■ PROBLEM ■
Output, word for word, each line from the one with "POLO RALPH LAUREN" through the end of the listing below, excluding every picture.

■ DATA SECTION ■
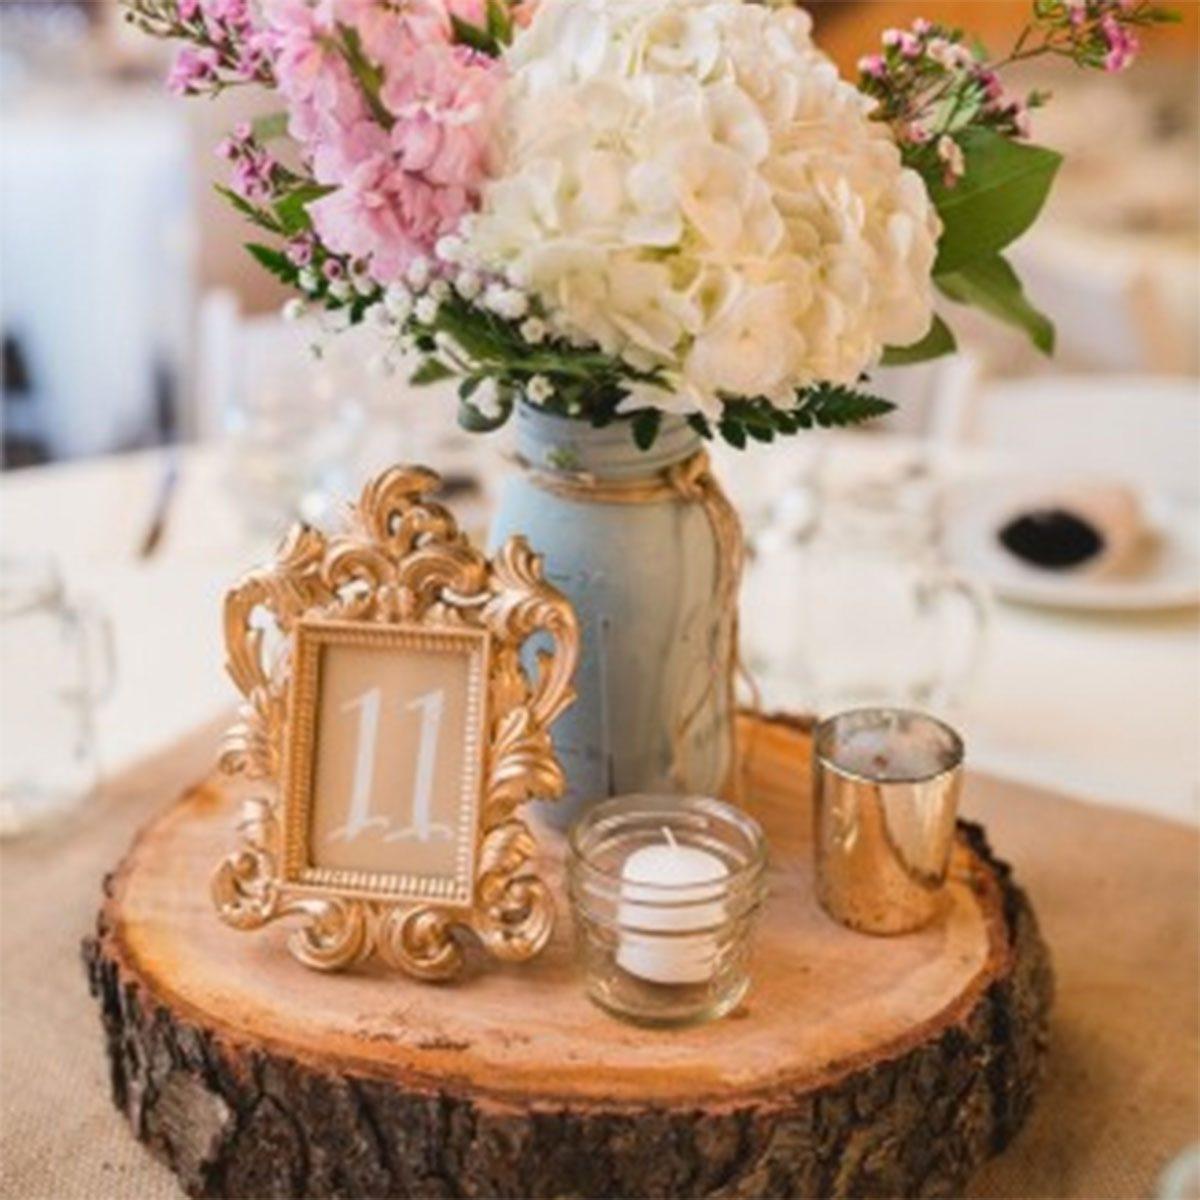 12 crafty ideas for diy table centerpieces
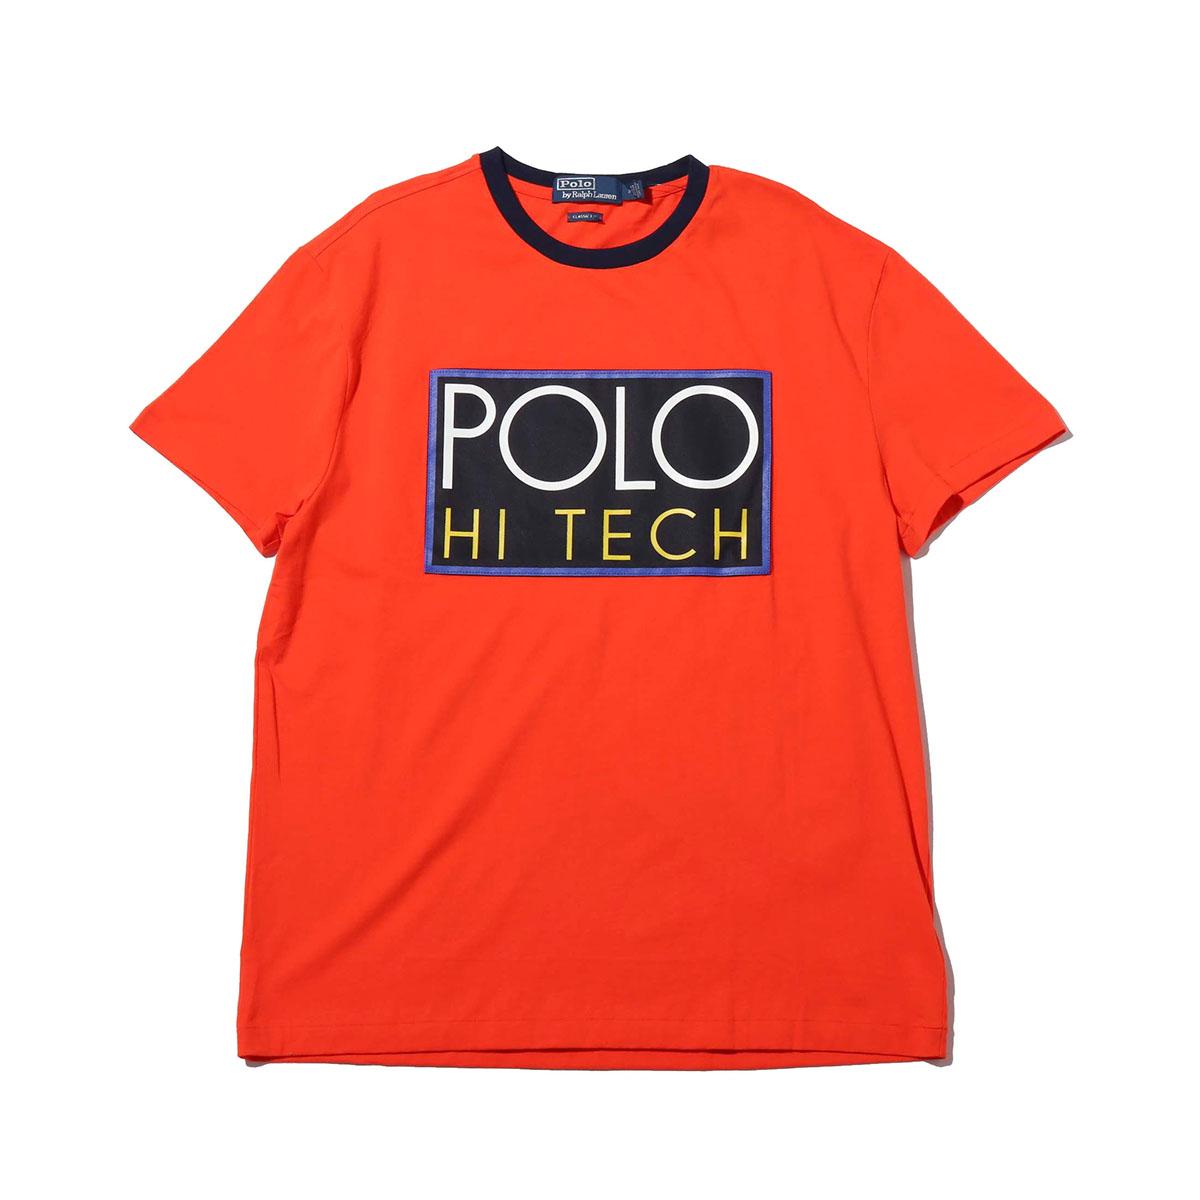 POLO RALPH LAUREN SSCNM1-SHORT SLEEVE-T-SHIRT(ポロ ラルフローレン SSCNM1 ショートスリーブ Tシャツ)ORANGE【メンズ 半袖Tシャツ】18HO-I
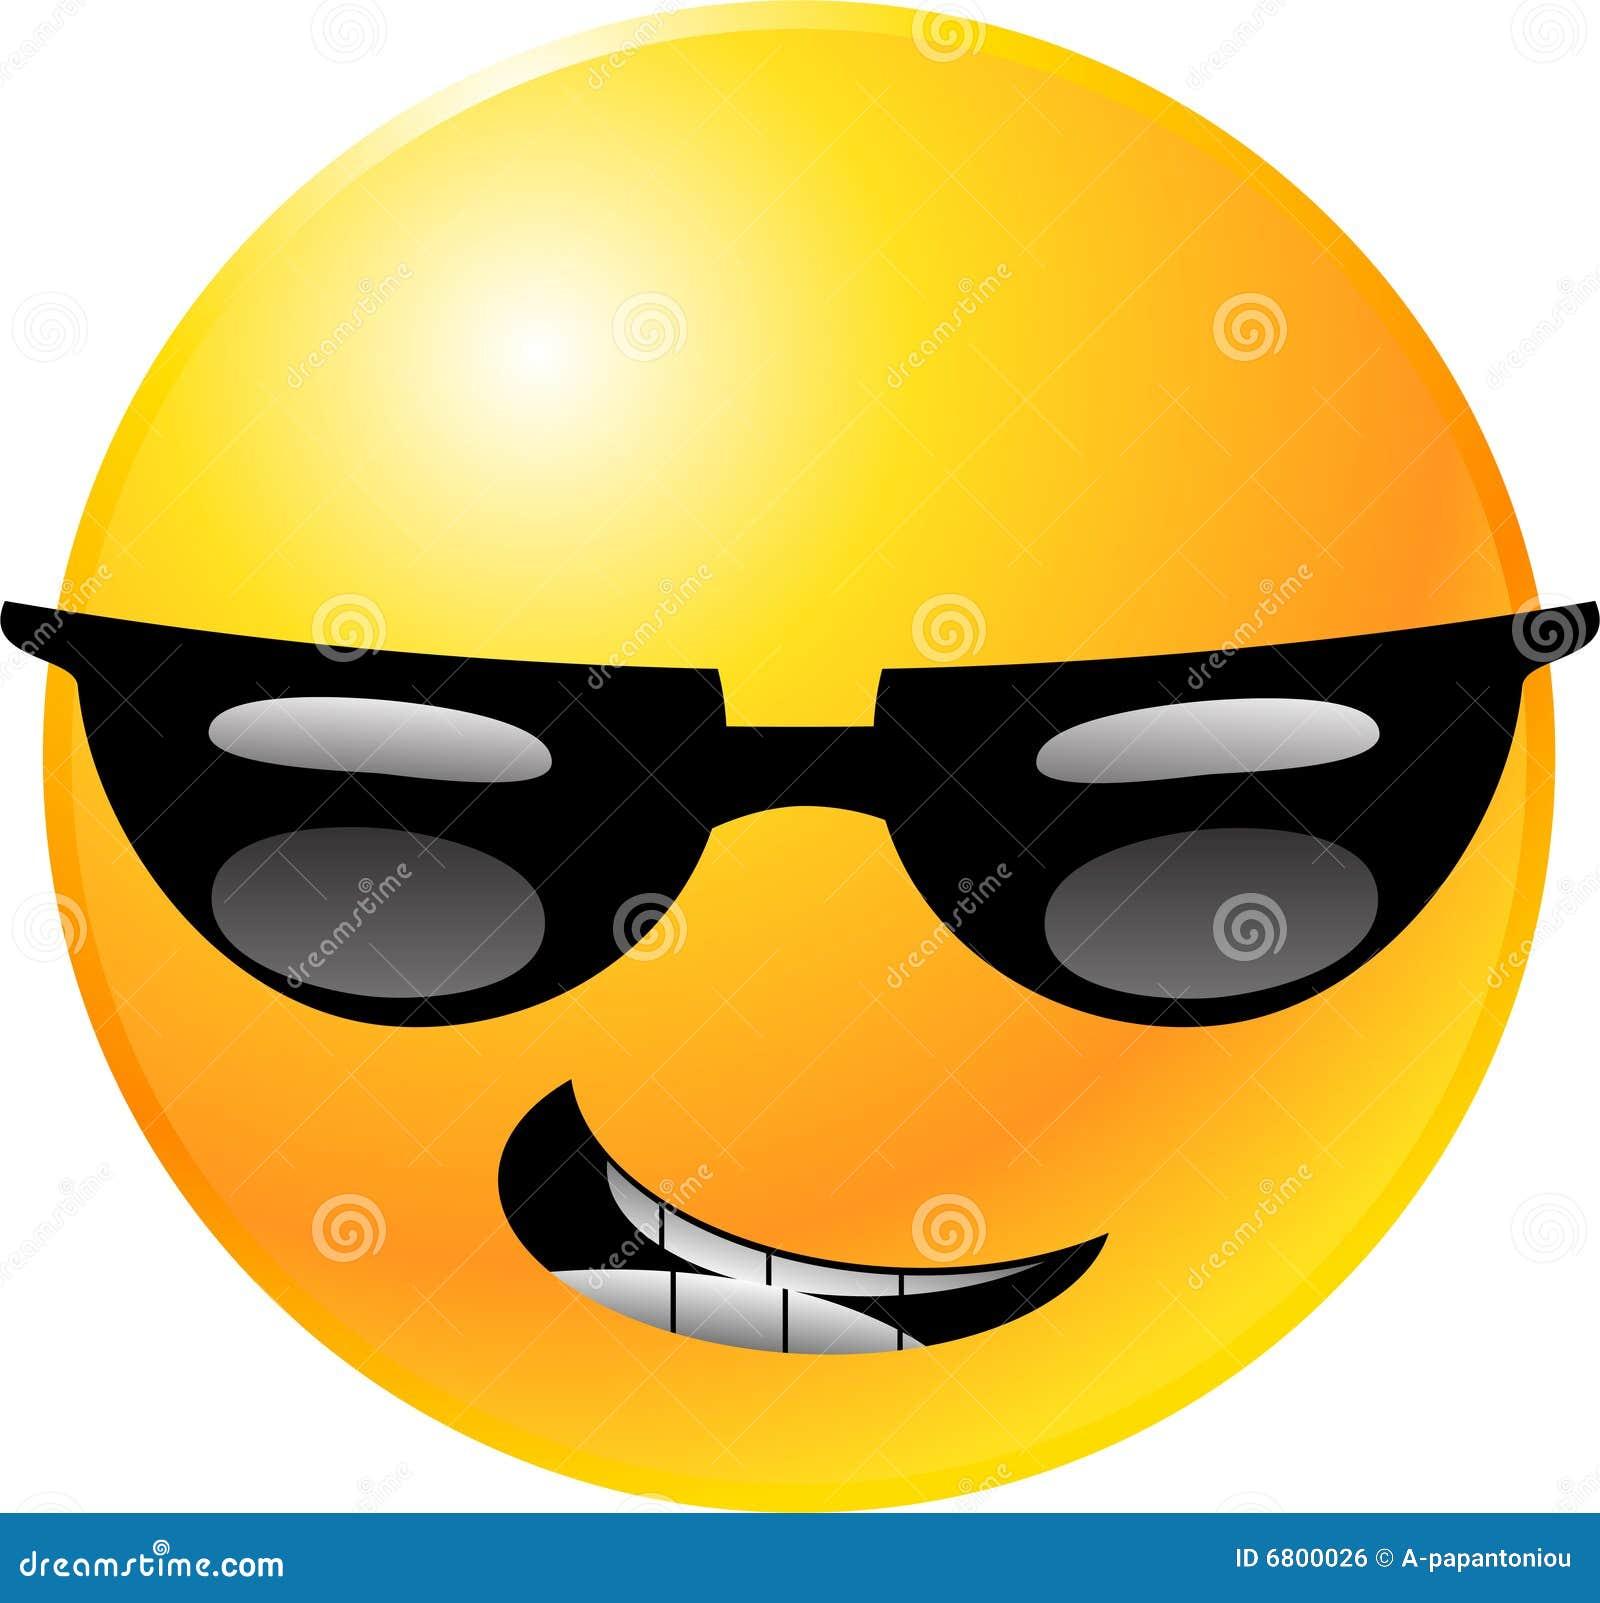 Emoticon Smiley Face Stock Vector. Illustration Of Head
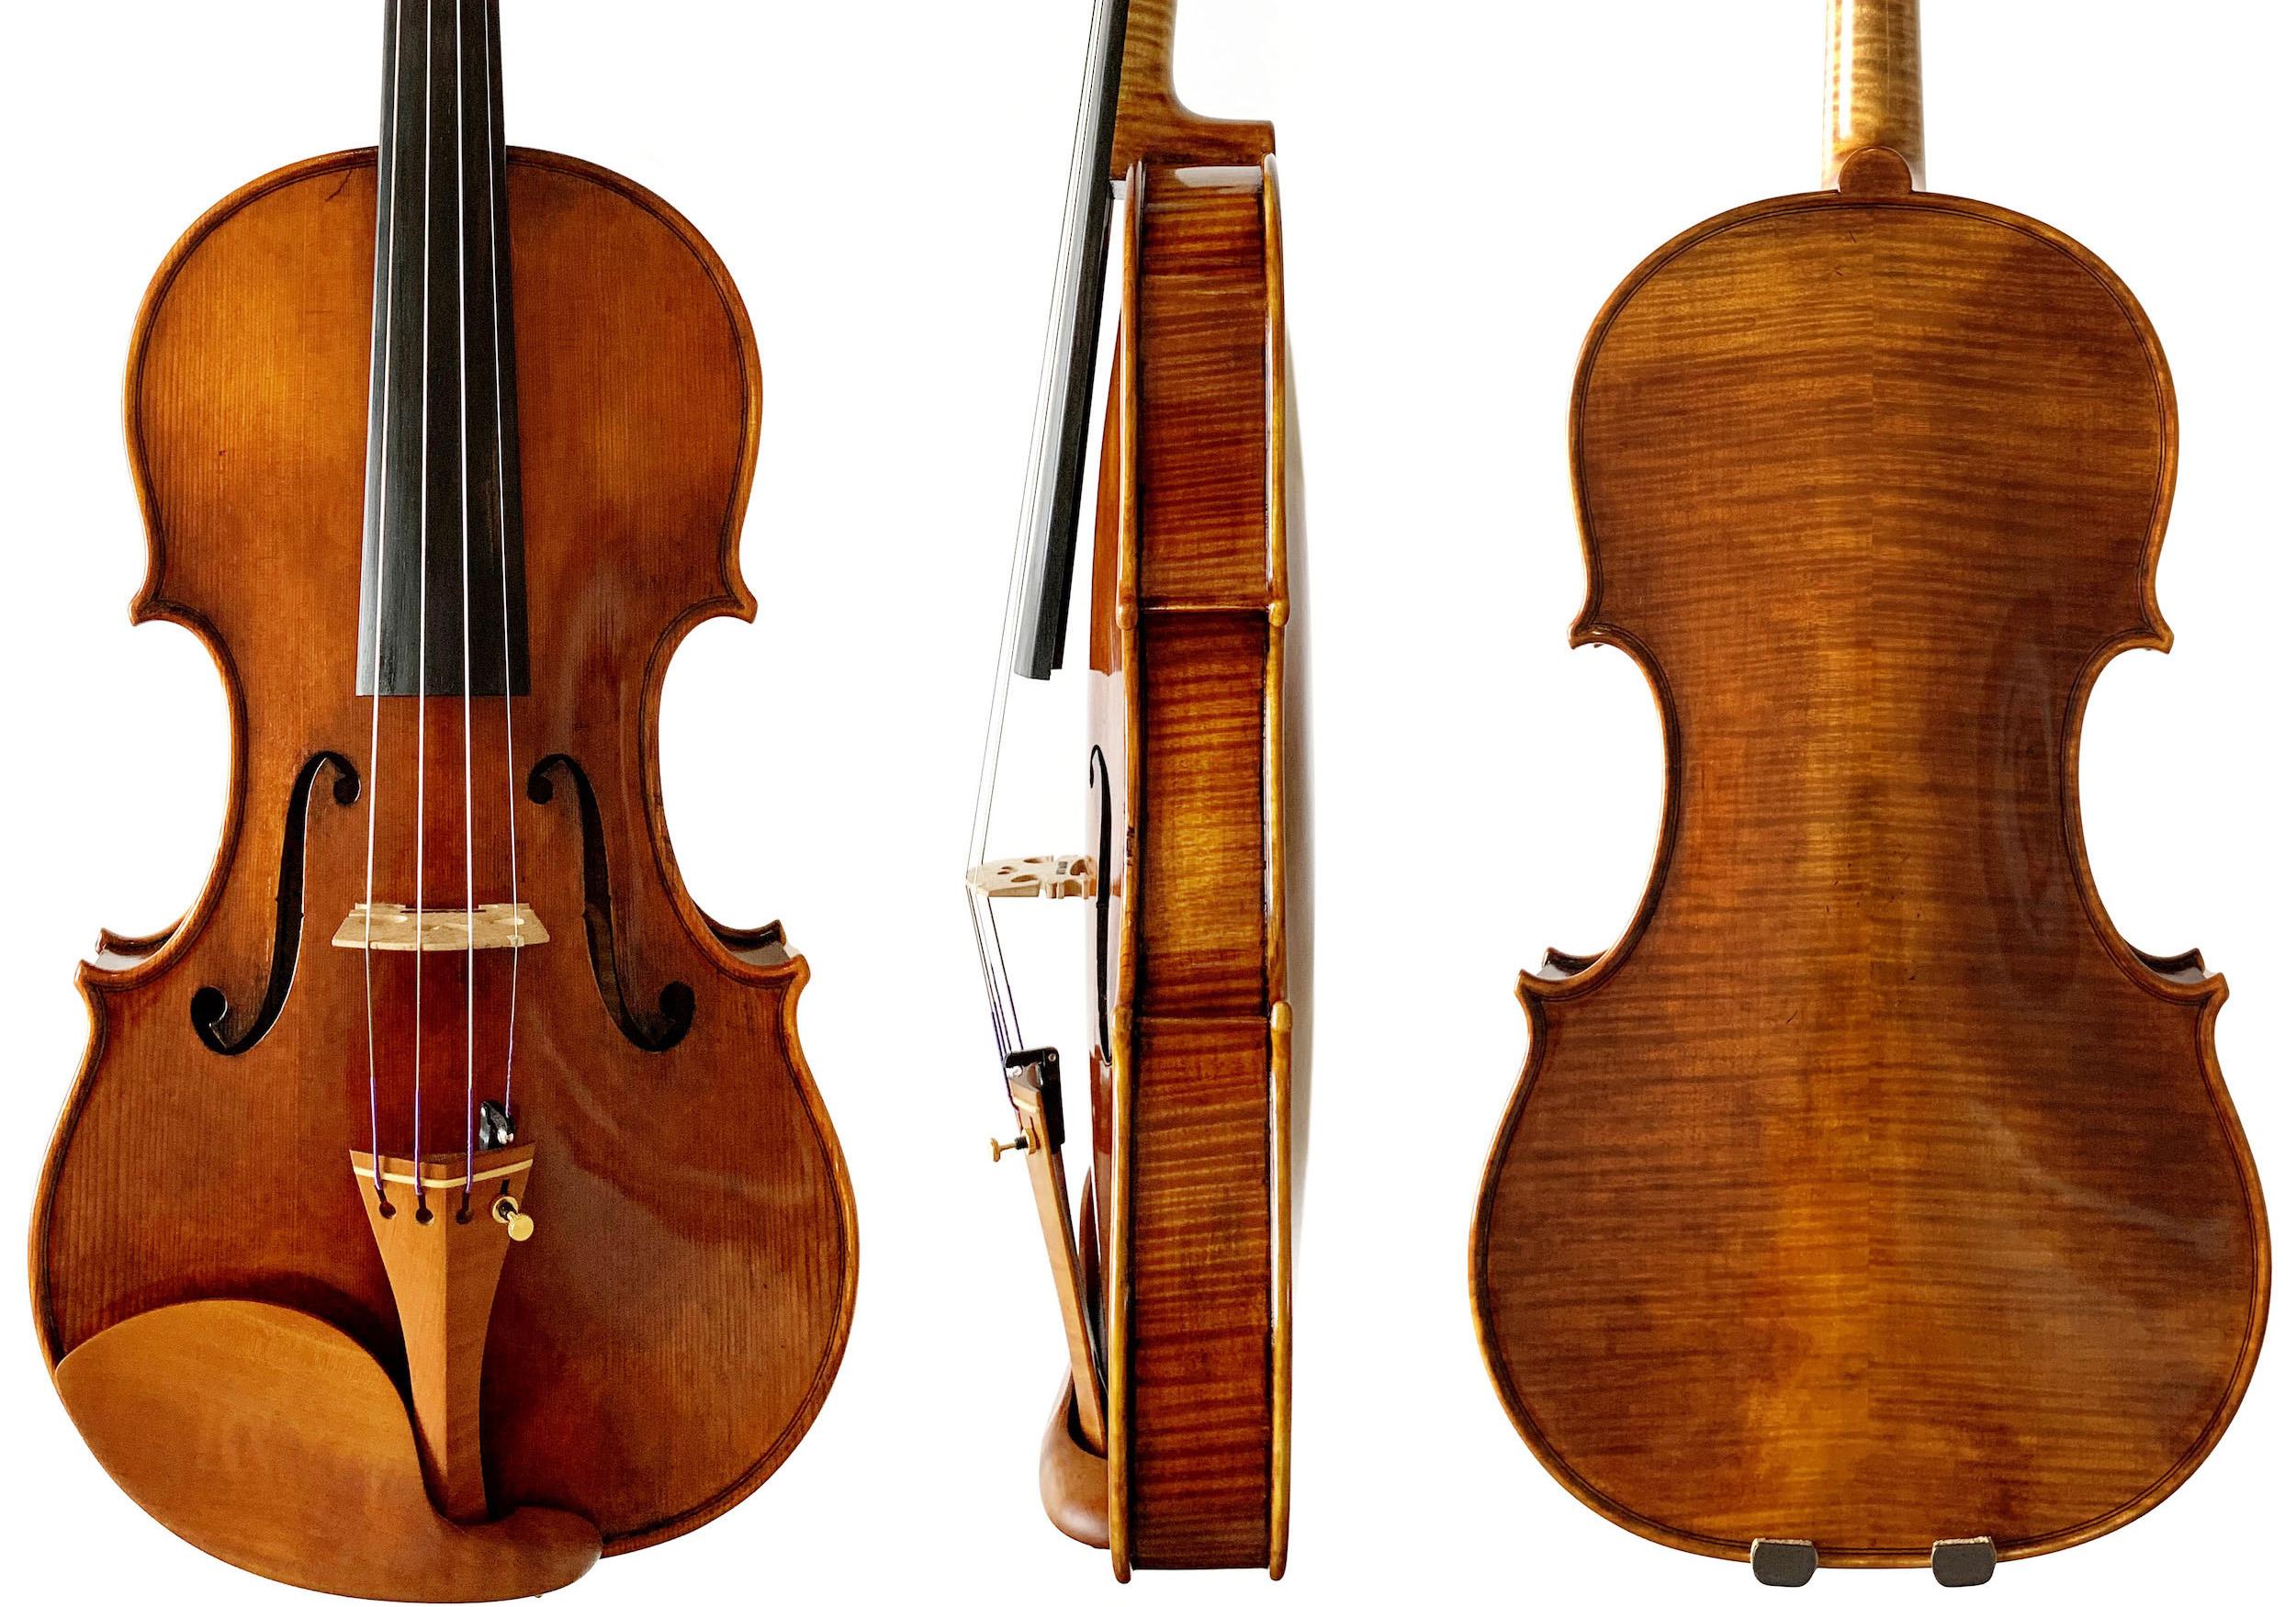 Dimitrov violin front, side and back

■ ANSWER FOR THE TASK ■
 POLO RALPH LAUREN SSCNM1-SHORT SLEEVE-T-SHIRT(ポロ ラルフローレン SSCNM1 ショートスリーブ Tシャツ)ORANGE【メンズ 半袖Tシャツ】18HO-I
 Emoticon Smiley Face Stock Vector. Illustration Of Head
 Dimitrov violin front, side and back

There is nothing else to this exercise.